Our ‘learning outcome’ was to see if we could produce and deliver a presentation answering the question without actually talking to one another. We sat in silence for four hours, working collaboratively as though we were spread out around the country. The key element was to check on the usefulness of the online tools and critique the process. The question was irrelevant. I decided to write this as I have experience in homeworking…

Then this happened.

This is beautiful, touching and hilarious.  That the dad, one Robert Kelly, South Asian security expert, valiantly managed to continue without cracking a smile is a credit to his professionalism  There are so many amazing things about this video.

The flippant, who gives a damn dance of the first child, the not inconsiderable attempt to palm the child away while things escalated in the background, the split second where child number one gets tucked into her cheese stick, the second kid wheeling into the room at such an impressive speed. The man’s wife, skidding through the door in a desperate attempt to stop the horror she knew would be developing on television screens up and down the country. The kids being dragged out, the kid in the walker getting stuck.

The Door. My God the door, the one thing between that man, the BBC and a happy kid dancing that no one needed to see. It’s a remarkable thing; if you haven’t laughed to the point where you can’t breathe then quite frankly you’re dead inside. The fact that they were having a very serious discussion on issues around South Korea and North Korea is utterly lost amid the chaos. Incredible stuff.
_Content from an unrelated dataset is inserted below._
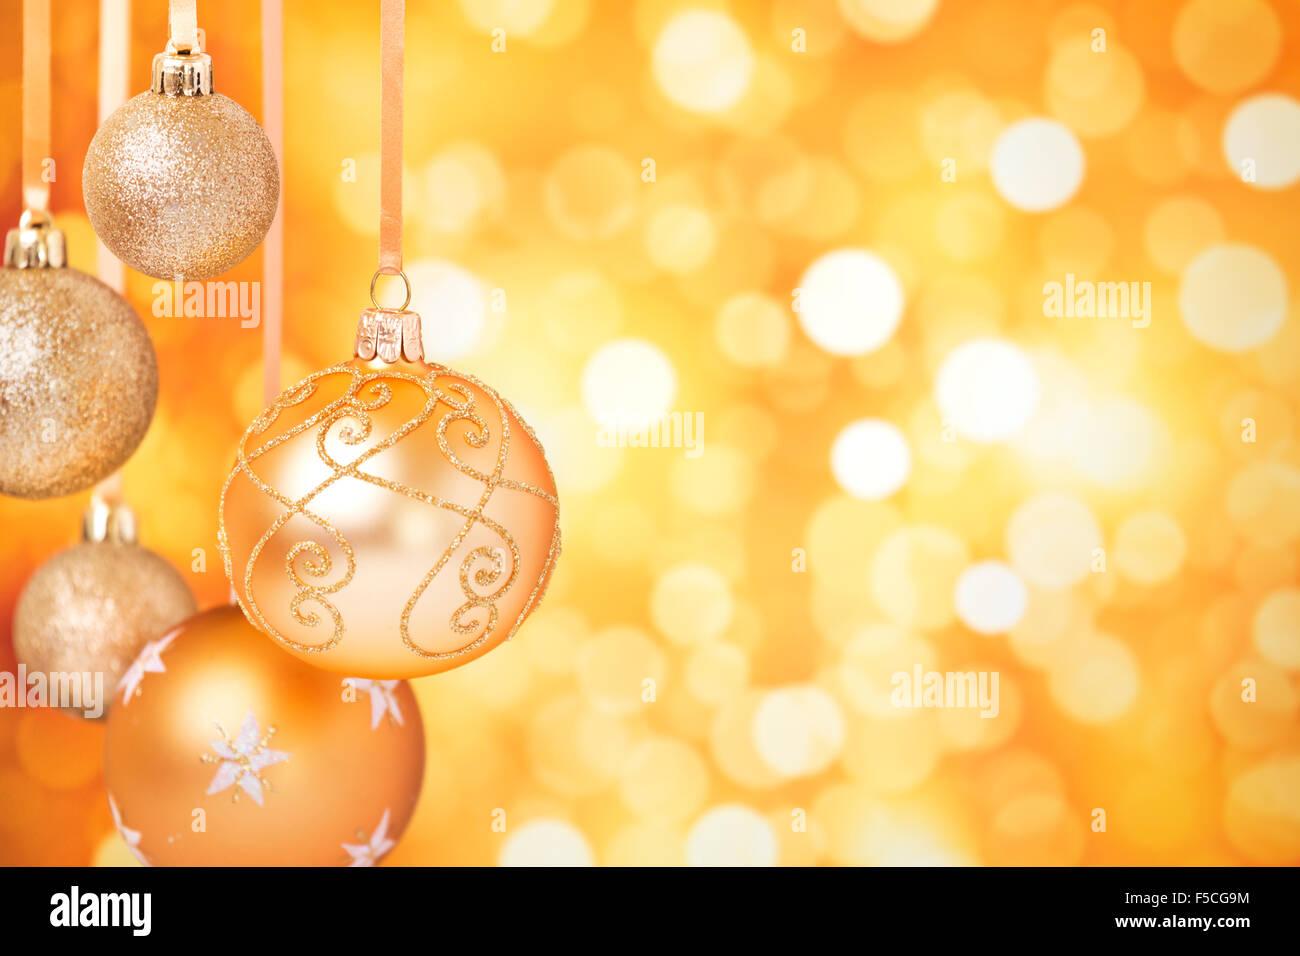 Golden Christmas baubles hanging in front of defocused golden lights. Stock Photo

The one thing this video does is highlight the horrors that can evolve when you think you can calmly, happily work from home. Your home is supposed to be a safe, happy place. One where, if you fancy such a thing, you can sit there all day in your jacks. No one can see you, no one cares. It’s probably not meant to be viewed across the world in a video that amazed me for the sheer depth and speed of its virality. The poor man and his family will never live this down, I just hope it generates as much laughter with every repeat. It would appear working from home while broadcasting around the world can be a dangerous thing. I guarantee there is a new BBC policy on Skype chats before tea time. One that involves locks.  So, back to this whole working remotely thing.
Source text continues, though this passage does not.